I no longer try to teach induction to first year students in local colleges. Maybe the reequisite prefrontal cortex ain't there yet.
Regards,
Jack



On Sat, 2 Aug 2008, Hugh Haskell wrote:

At 22:03 -0500 8/1/08, Jack Uretsky wrote:

But, to what extent were the students able to reproduce what you "taught",
and to what extent did you challenge their ability to do so?

Good point, poor choice of words on my part. What I was trying to do
was to get them to realize that, even though they might not be able
to derive the formulas they were using, that they weren't just
something someone thought up that was useful, or that someone said
was useful. What they did was to work problems, both numerical and
descriptive that illustrated the principles that they had seen me
"derive," and in this way at least understand that they weren't
working in a vacuum.

How well did it work? I can't say for sure, but a pretty good
fraction of my students went on to major in science or
science-related (medicine, engineering) subjects. I can't say that
this was all due to my stellar teaching methods, but I've heard
positive feedback from several of them, that what they "learned" in
my class useful later on. Since I never expected them to have
memorized any equation (the basic equations that I had derived in
class were always available to them), I assume that what they were
talking about was the idea that applying the principles they found
out in my class left them on a firm footing in future classes, where
they might have been expected to be able to derive that stuff.

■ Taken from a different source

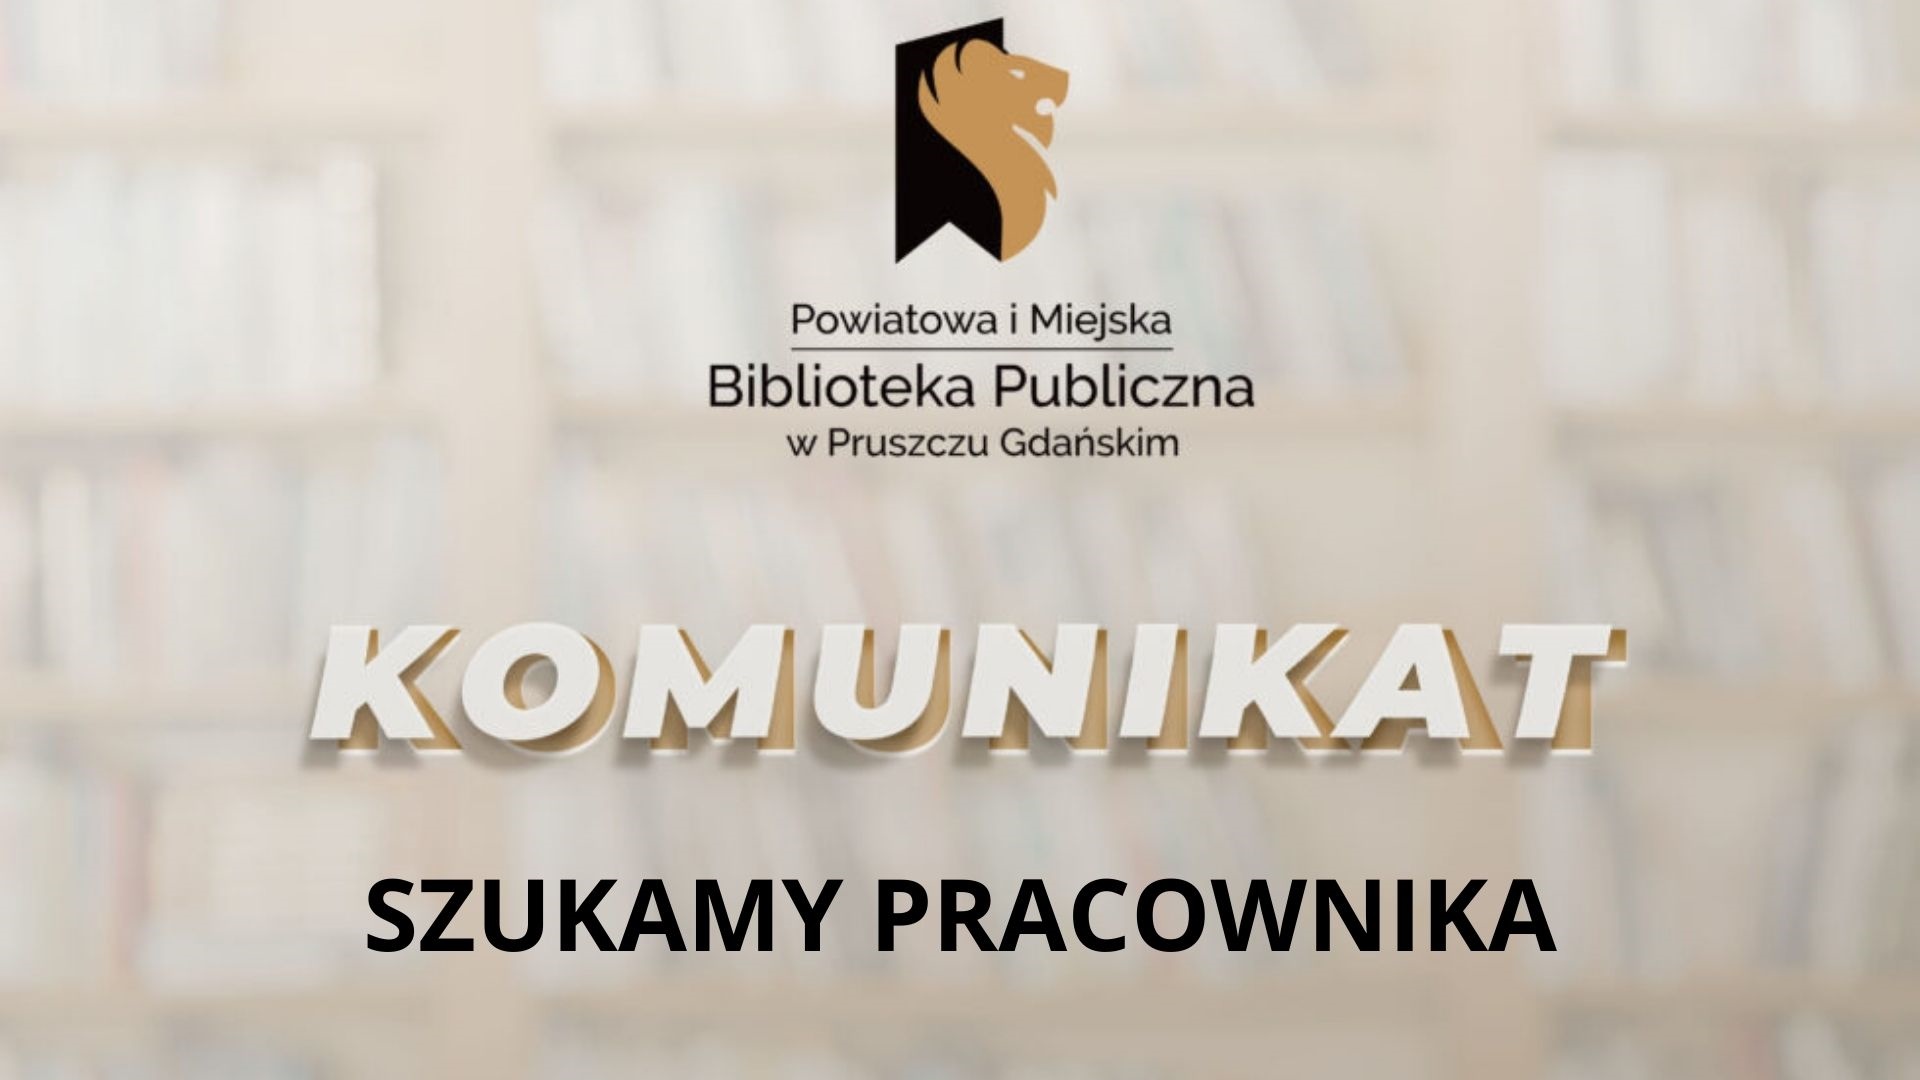 Logotyp biblioteki oraz napisy: Powiatowa i Miejska Biblioteka Publiczna w Pruszczu Gdańskim, komuniakt, szukamy pracownika.

All of this was mostly based on my frustration as a student that we
were expected to memorize derivations of various formulas (as well as
other stuff--I'll never forget my frustration in a course in organic
chemistry at having to memorize the Solvay process, which, although I
could reproduce the picture, I never understood). Since I never
believed in memorization of any sort (as a result, I hated poetry
classes) I vowed when I became a teacher that memorization would
never be a part of my course. Naturally, that seriously disappointed
a good number of my students who had learned from all their teachers
before me that the key to successful learning was memorization, and
they had gotten good at it. I never thought much of that as an
educational method.

Hugh


--
"Trust me. I have a lot of experience at this."